Little Cottonwood Canyon, Utah, and Red Rock, Nevada
By Brendan Blanchard ,

Paul Robinson climbs Meadowlark Lemon (V14) before it was altered. Photo: Alex Kahn

The Rusty Piton is the award we’d rather not give out. Unfortunately, 2016 saw multiple acts of vandalism to boulder problems, intentional alterations to existing climbs. Little Cottonwood Canyon and Red Rock both fell victim to the egregious acts.

In late October, around 20 boulder problems in Little Cottonwood Canyon, outside Salt Lake City, had holds at or below eye level removed, damaged, or otherwise altered in a single malicious event.

"I want to clarify: This was absolutely not chipping. This person was not trying to make the climbs easier or harder. It was just absolute, violent, destructive vandalism,” said local Mike Beck in a Salt Lake Climber’s Alliance (SLCA) blog post.

Though the community and SLCA have spent thousands of dollars to remedy graffiti and other forms of vandalism in the area, this act targets climbers and is an issue that money can’t fix. The list of altered problems includes classic climbs ranging from V2 to V11, many of them popular projects for locals. All of the problems remain climbable. Some are now easier. 
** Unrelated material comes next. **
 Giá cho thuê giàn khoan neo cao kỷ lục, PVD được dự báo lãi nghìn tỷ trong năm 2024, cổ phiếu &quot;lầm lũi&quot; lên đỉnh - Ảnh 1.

While Salt Lake City climbers struggle to understand why Little Cottonwood Canyon was assaulted, the motives for chipping in Las Vegas last year were clear. Meadowlark Lemon (V14) had its crux hold altered to make the problem easier.
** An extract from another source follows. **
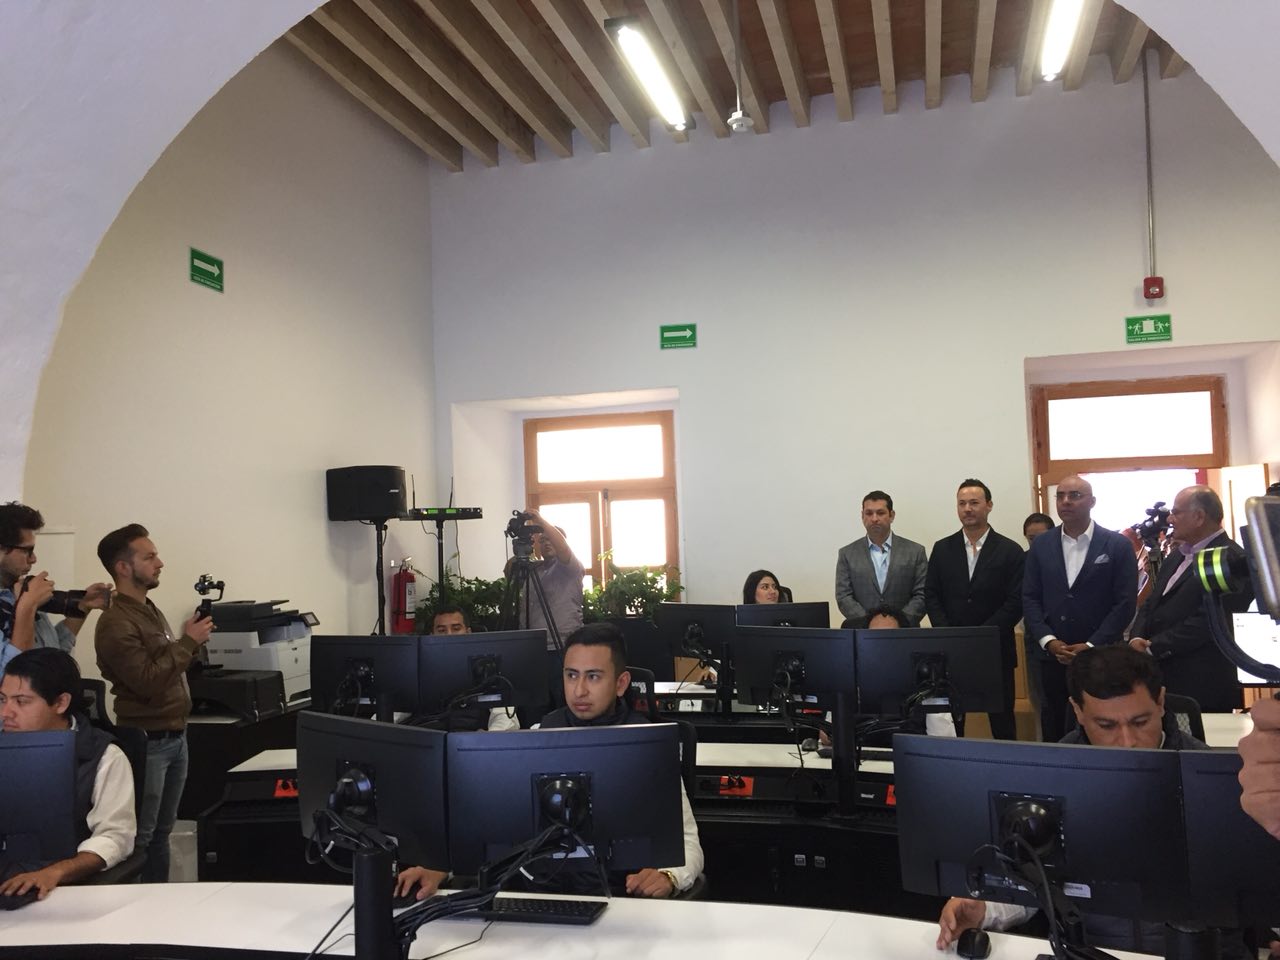  Municipio de Querétaro presenta de forma oficial sistema de semáforos inteligentes

Paul Robinson completed the first ascent of Meadowlark in 2012. "Five stars is an understatement for this incredible boulder,” he wrote on 27crags.com. Since then it’s gained a reputation as one of the most aesthetic lines at the grade, and helped fuel the development of hard boulders in Red Rock’s many canyons.
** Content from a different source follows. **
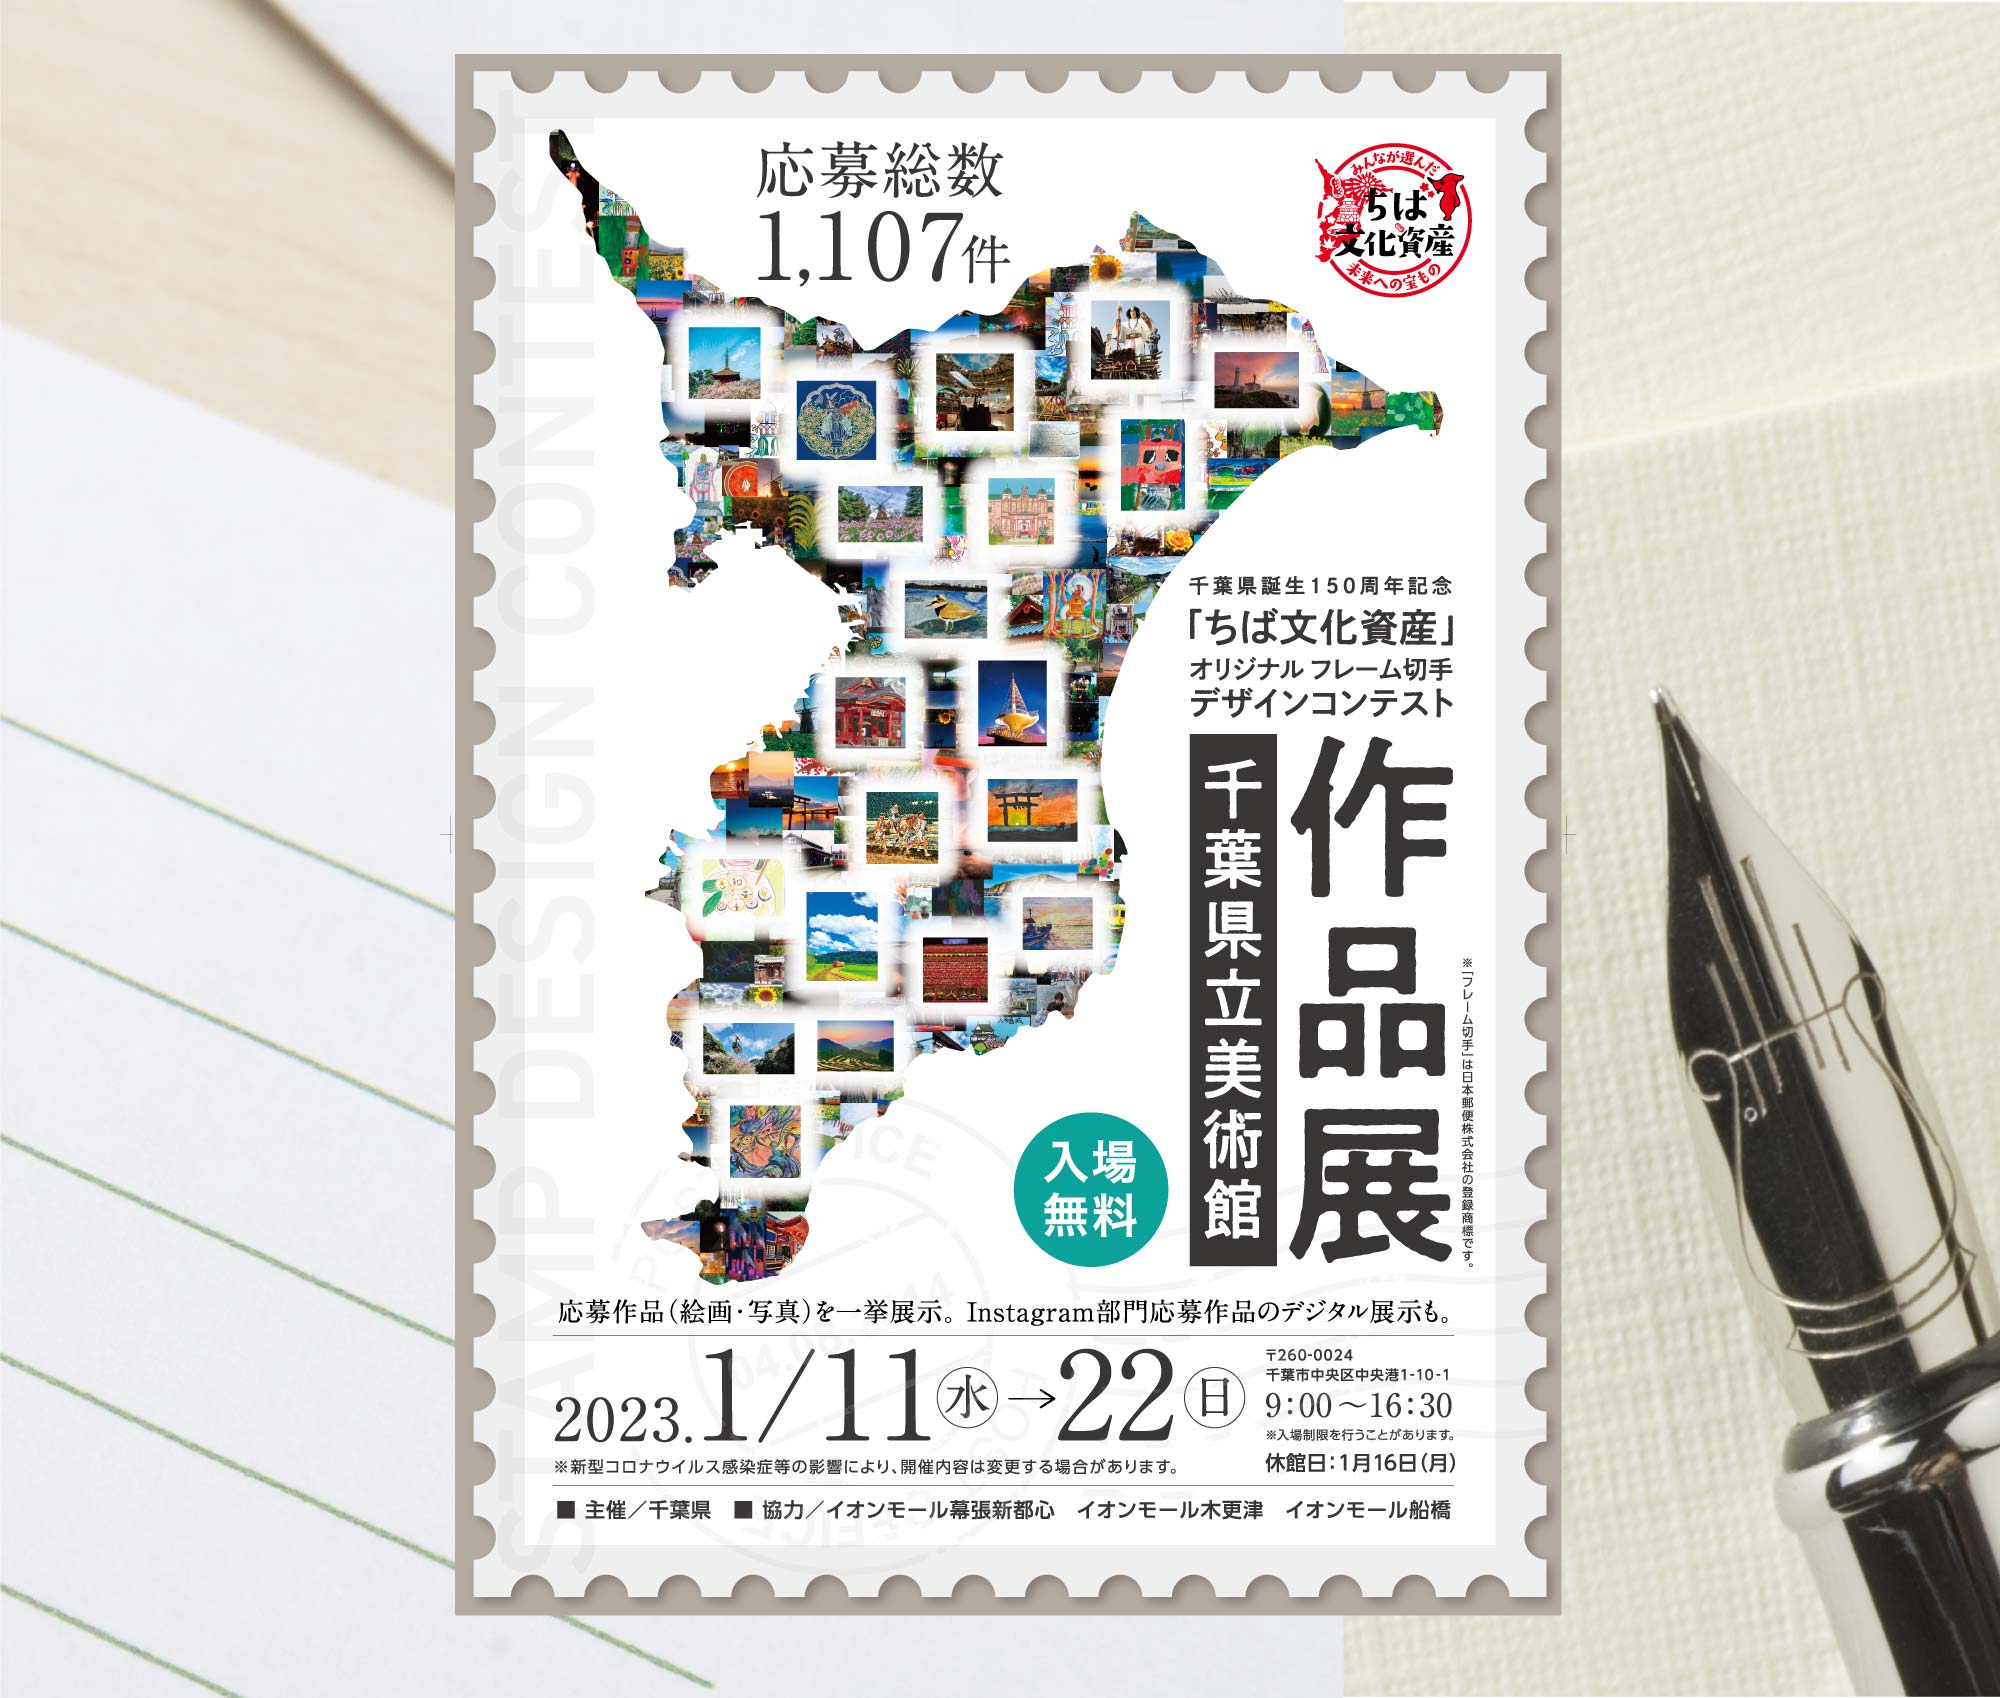 「ちば文化資産」オリジナルフレーム切手 デザインコンテスト 令和5年(2023年)に迎える千葉県生誕150周年を記念し、オリジナル フレーム切手を作成します。

“It’s for sure more of a loss for the community. I don't know anyone who had anything bad to say about that boulder. It is perfect and it is so sad to now see it ruined for everyone else in the future,” said Robinson.

The alteration was first discovered by Ethan Pringle while he was brushing holds to show the route to friends.

“The crux left hand sloper, the hold that makes the crux move so difficult, had been manipulated, enhanced, manufactured, into a little incut edge,” Pringle said on Instagram. “Surprise turned quickly into sadness, sadness turned into frustration and frustration into anger."

No one has taken responsibility for either act of vandalism, but the community's response to both has been unanimous: It's unacceptable to alter the rock.

Paul Robinson summed up the sentiment: "I was amazed that someone would have chipped this boulder. If you are climbing at that grade there is no excuse whatsoever.”